1

*homework

Using the command line command

java class -add 7 8

will add all integers after "-add". But for this program, I am also suppose to print "Argument type mismatch" if anything after "-add" is not an integer.

I have this method to search a String for integers. If it finds something other than an integer, it returns false.

public static boolean isInteger(String s) {
    try {
        int num = Integer.parseInt(s);
        return true;

    } catch (Exception e) {}
    return false;
}

Now in this method I try to use the isInteger method to look at a String in the first for loop. 

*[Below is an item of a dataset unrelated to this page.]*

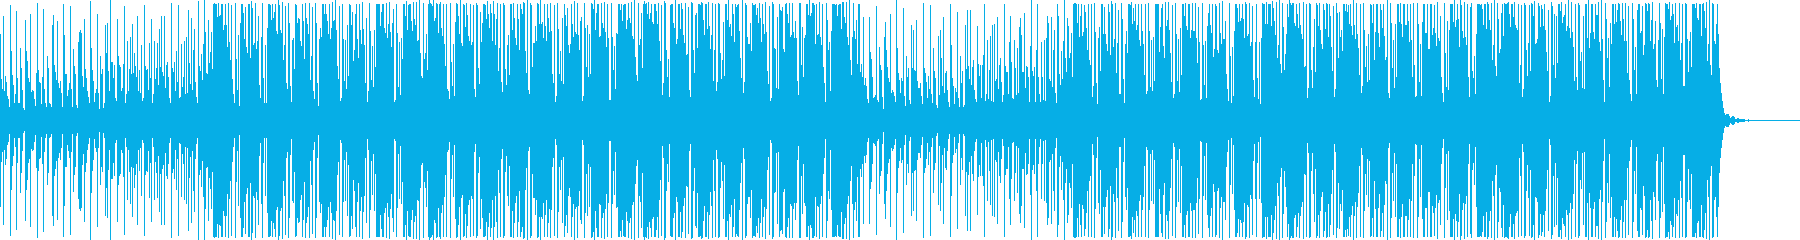 少し機械的な淡々とした/企業VP系06cの再生済みの波形

private static void add(String[] args) {
    for (int j = 1; j < args.length; j++) {
        if (isInteger(args[j]) == false)
        System.out.println("Argument type mismatch");
    }
    if (args.length == 1)
        System.out.println("Argument count mismatch");
    else {
        int result = 0;
        for (int i = 1; i < args.length; i++) {
            result += Integer.parseInt(args[i]);
        }
        System.out.println(result);
    }  
}

Running the first for loop by itself produces "Argument type mismatch" perfectly fine. But when I run the whole method and type the command

java class -add cat

it produces "Argument type mismatch" followed by a java.lang.NumberFormatException: For input string: "cat" error at the line result += Integer.parseInt(args[i]);

How can I fix this error?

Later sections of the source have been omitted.